● **What to work on**
Your response should reproduce every line of the entries that contains the word "Waist".

------ Source records

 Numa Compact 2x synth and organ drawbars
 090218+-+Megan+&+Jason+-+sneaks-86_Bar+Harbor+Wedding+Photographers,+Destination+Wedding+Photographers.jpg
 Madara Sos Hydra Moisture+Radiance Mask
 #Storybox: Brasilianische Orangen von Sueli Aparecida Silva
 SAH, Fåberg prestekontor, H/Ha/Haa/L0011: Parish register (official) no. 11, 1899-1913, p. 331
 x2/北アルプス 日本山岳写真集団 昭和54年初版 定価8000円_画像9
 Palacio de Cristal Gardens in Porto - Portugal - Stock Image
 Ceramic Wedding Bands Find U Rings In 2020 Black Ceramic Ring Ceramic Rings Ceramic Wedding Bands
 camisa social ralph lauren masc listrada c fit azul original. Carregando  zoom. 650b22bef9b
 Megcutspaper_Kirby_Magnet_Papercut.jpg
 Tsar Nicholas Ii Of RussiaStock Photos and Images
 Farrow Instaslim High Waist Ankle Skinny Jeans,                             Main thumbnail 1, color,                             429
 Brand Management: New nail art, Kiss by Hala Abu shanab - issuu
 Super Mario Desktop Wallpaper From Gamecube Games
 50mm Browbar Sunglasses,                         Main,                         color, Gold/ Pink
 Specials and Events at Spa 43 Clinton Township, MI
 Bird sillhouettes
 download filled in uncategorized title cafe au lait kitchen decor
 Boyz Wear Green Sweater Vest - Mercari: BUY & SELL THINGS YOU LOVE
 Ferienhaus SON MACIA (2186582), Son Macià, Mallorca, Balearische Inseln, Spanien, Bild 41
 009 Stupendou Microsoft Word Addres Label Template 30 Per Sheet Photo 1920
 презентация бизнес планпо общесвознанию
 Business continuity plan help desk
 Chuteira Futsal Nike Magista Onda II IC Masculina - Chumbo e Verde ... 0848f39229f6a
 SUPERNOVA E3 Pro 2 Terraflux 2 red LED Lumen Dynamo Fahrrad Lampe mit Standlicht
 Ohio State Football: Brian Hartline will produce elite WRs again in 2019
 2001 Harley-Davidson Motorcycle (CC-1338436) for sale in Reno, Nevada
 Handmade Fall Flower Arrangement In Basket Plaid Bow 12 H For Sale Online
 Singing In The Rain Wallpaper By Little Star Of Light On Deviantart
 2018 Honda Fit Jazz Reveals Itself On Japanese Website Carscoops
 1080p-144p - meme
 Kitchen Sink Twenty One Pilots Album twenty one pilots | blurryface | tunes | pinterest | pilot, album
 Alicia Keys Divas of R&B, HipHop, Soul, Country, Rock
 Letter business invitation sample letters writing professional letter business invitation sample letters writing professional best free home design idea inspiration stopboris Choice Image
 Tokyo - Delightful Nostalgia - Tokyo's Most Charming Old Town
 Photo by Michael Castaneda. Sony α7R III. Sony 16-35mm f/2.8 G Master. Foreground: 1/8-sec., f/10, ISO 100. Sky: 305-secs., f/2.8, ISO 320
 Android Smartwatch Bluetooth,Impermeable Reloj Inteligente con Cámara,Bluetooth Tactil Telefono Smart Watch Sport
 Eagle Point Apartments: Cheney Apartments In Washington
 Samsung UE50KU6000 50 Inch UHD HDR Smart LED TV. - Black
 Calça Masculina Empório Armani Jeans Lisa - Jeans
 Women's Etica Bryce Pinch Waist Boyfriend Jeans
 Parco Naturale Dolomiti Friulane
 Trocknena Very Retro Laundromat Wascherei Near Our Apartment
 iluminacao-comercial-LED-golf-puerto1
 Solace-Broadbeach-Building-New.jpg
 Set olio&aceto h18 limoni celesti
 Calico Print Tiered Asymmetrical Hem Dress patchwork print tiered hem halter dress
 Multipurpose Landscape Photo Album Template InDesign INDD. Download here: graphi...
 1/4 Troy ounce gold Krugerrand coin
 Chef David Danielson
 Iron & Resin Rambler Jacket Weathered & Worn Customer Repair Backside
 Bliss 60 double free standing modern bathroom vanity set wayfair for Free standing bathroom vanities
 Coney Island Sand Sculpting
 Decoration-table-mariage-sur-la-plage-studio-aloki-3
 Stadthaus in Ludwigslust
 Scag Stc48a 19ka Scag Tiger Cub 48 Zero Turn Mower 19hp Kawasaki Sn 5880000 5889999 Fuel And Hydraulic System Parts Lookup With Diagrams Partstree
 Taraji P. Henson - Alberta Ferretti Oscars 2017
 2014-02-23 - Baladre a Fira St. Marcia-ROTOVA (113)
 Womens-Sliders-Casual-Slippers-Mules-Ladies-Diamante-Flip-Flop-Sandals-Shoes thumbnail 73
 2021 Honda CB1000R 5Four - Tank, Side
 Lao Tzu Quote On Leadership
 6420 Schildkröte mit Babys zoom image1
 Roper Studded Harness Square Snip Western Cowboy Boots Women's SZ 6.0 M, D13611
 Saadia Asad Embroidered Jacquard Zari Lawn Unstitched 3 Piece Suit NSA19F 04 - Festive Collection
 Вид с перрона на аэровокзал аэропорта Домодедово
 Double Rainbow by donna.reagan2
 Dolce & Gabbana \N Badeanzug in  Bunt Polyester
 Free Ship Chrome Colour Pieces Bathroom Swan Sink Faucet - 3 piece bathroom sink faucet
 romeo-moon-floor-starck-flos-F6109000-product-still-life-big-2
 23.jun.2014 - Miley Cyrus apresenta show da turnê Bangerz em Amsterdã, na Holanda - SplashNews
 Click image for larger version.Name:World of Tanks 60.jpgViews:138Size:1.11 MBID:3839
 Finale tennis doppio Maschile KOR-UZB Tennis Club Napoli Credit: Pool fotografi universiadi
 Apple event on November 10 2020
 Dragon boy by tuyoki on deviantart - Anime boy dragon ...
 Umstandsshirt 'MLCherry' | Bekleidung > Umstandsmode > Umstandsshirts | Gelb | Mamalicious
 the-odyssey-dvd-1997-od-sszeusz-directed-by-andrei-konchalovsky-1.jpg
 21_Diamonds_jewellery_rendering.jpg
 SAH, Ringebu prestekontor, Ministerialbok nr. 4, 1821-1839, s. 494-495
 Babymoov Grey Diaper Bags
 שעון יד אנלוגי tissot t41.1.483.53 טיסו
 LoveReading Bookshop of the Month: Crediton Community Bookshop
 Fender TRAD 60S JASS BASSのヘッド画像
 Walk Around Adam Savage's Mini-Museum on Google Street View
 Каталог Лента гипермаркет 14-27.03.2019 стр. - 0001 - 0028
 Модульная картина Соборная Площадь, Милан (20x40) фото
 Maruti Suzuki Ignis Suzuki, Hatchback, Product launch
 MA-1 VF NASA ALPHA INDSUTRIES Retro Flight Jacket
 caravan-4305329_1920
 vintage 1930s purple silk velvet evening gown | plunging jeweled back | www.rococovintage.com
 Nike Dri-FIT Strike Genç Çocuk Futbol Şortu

------------

● **Result**
 Farrow Instaslim High Waist Ankle Skinny Jeans,                             Main thumbnail 1, color,                             429
 Women's Etica Bryce Pinch Waist Boyfriend Jeans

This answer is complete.